SARS-CoV-2 transmission dynamics
The transmission dynamics take place within each subpopulation and assume a classic compartmentalization scheme for disease progression similar to those used in several large-scale models of SARS-CoV-2 transmission[15,51-55]. Each individual, at any given point in time, is assigned to a compartment corresponding to their particular disease-related state (specifically, one could be susceptible, latent, infectious or removed)[49]. This state also controls the individual’s ability to travel (details in the Supplementary Information). Individuals transition between compartments through stochastic chain binomial processes. Susceptible individuals can acquire the virus through contact with individuals in the infectious category and can subsequently become latent (that is, infected but not yet able to transmit the infection). The process of infection is modelled using age-stratified contact patterns at the state and country level[56,57]. Latent individuals progress to the infectious stage at a rate inversely proportional to the latent period, and infectious individuals progress to the removed stage at a rate inversely proportional to the infectious period. The sum of the mean latent and infectious periods defines the generation time. Removed individuals are those who can no longer infect others. To estimate the number of deaths, we consider a uniformly distributed prior of the IFRs (ranging from 0.4% to 2%) that is age stratified proportional to the values estimated by ref. [33] and incorporates reporting delays. The transmission model does not assume heterogeneities due to age differences in susceptibility to the SARS-CoV-2 infection for younger children (1–10 years old).
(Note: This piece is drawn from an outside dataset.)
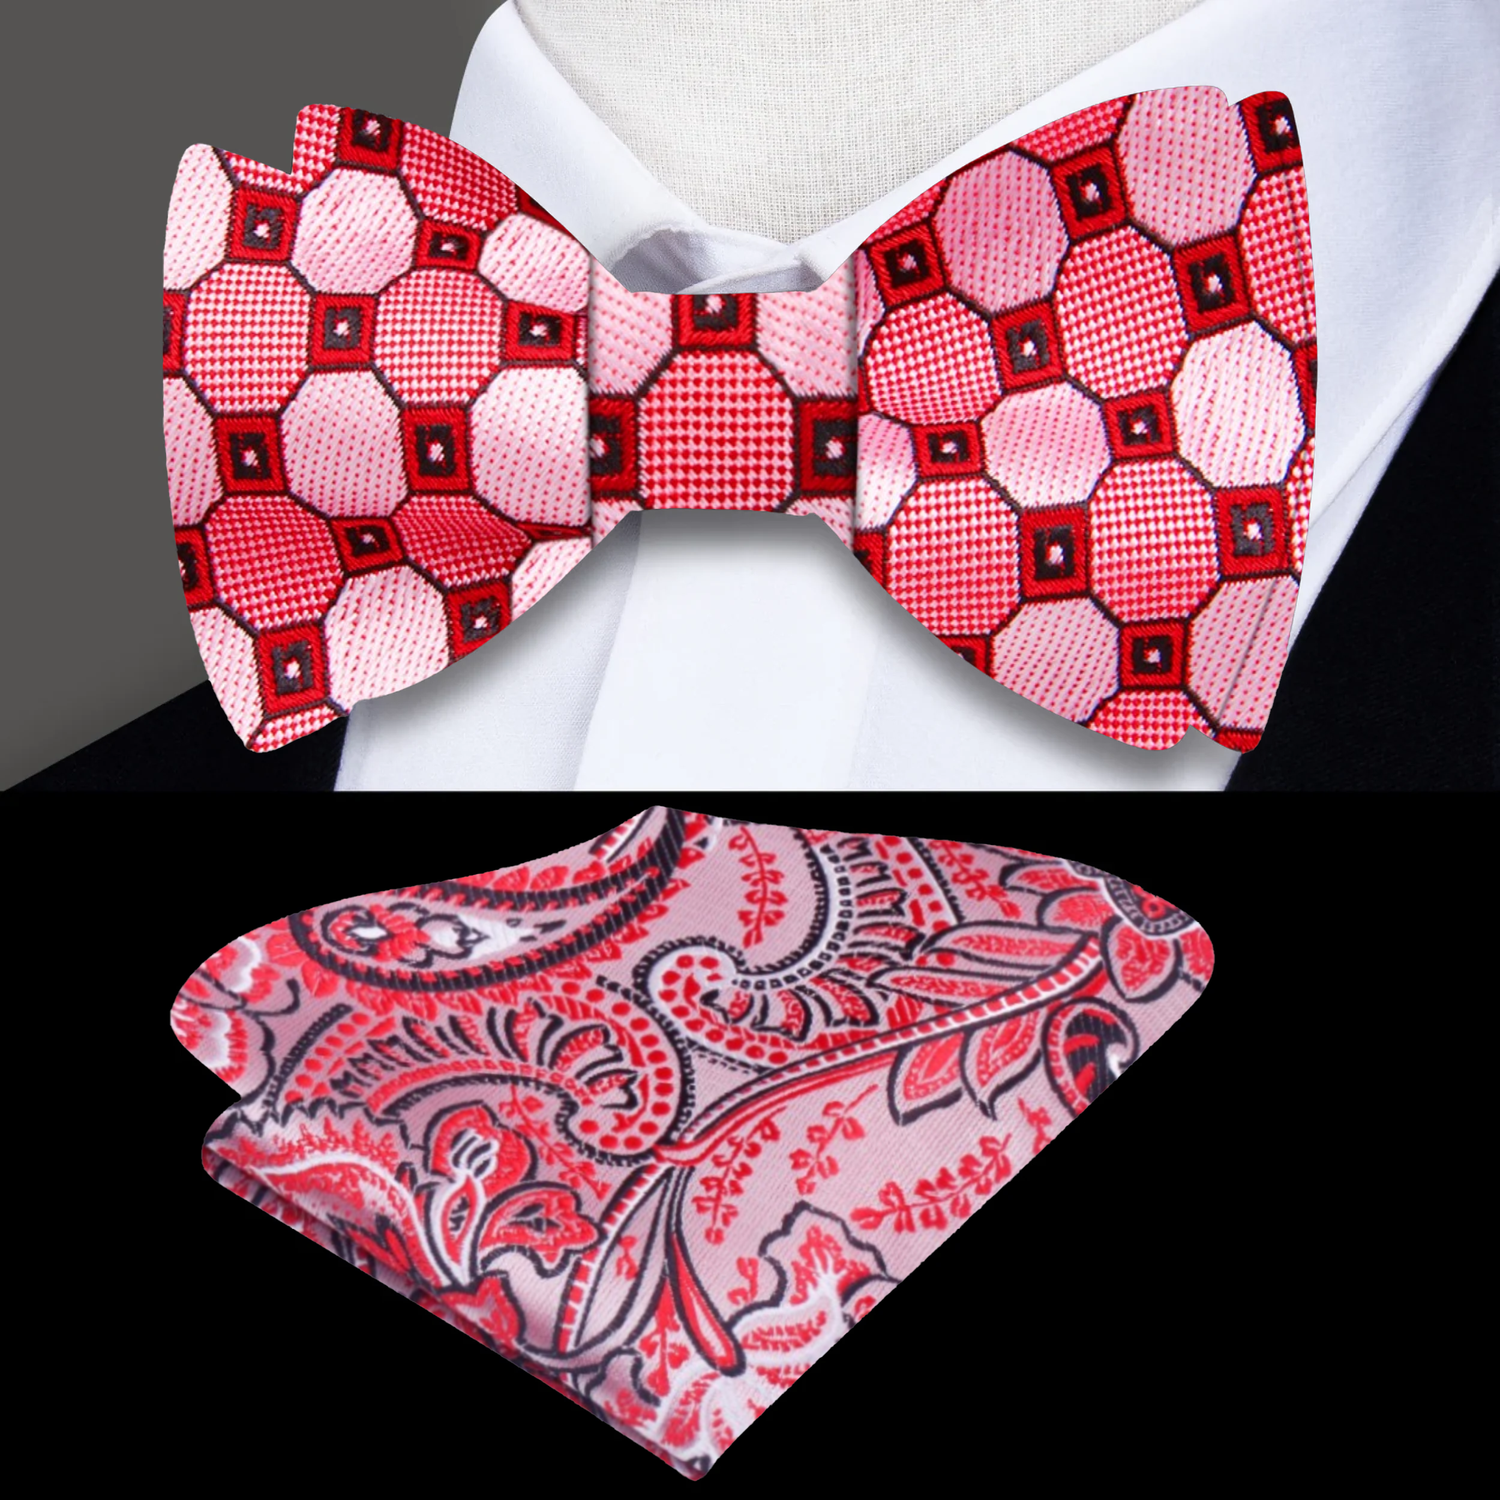 A Red, Pink Geometric Pattern Silk Self Tie Bow Tie, Accenting Pocket Square

This is an intense area of discussion[58,59,60]. The transmission dynamic and the offspring distribution of infectious individuals in the model will depend on the specific details of each population, local and global mobility, NPIs and so on. While overdispersion in transmission varies by location in our model, we find that overall, it is consistent with 25% of primary infections causing 75% of transmission in our simulations (Supplementary Fig. 9). Additional simulations considering a fixed level of dispersion, informed by past studies, result in differences of less than 3 days in onset times (Supplementary Fig. 10; see also the Supplementary Information for further discussion).
Model calibration
We assume a start date of the epidemic in Wuhan, China, that falls between 15 November 2019 and 1 December 2019, with 20 initial infections[49,51,61,62,63]. This considers that our model has a posterior distribution for the emergence of the outbreak in China that includes the possibility of transmission starting in October, 2019 (refs. [64,65]). The model generates an ensemble of possible epidemic realizations and is initially calibrated using an approximate Bayesian computation (ABC) rejection approach[13] based on the observed international importations from mainland China up to 21 January 2020 (ref. [49]). Only a fraction of imported cases is generally detected at the destination[10,66]. According to the estimates proposed in ref. [67], we stratify the detection capacity of countries into three groups: high, medium, and low surveillance capacity according to the Global Health Security Index[68], and assume that asymptomatic infections are never detected. The model calibration does not consider correlated importations (for example, family travel) and assumes that travel probabilities are homogeneous across all individuals in each subpopulation. We further calibrate our model using the temporal ordering of the onset of local transmission (as defined in the section ‘Onset of local transmission’) of the countries investigated. If we consider the epidemiological evidence[38,69,70], Italy was the first European country to experience substantial community transmission. Therefore, throughout the paper, we constrain the ensemble of simulations focusing only on stochastic realizations in which Italy is the first country, in the group under examination, to experience sustained local transmission (see Supplementary Information for details and further analyses of unconstrained simulations). Furthermore, we perform for each state and country an additional ABC rejection analysis using as evidence the weekly reported deaths in the time window starting on 22 March 2020 and ending on 27 June 2020. A full description of the model calibration is provided in the Supplementary Information.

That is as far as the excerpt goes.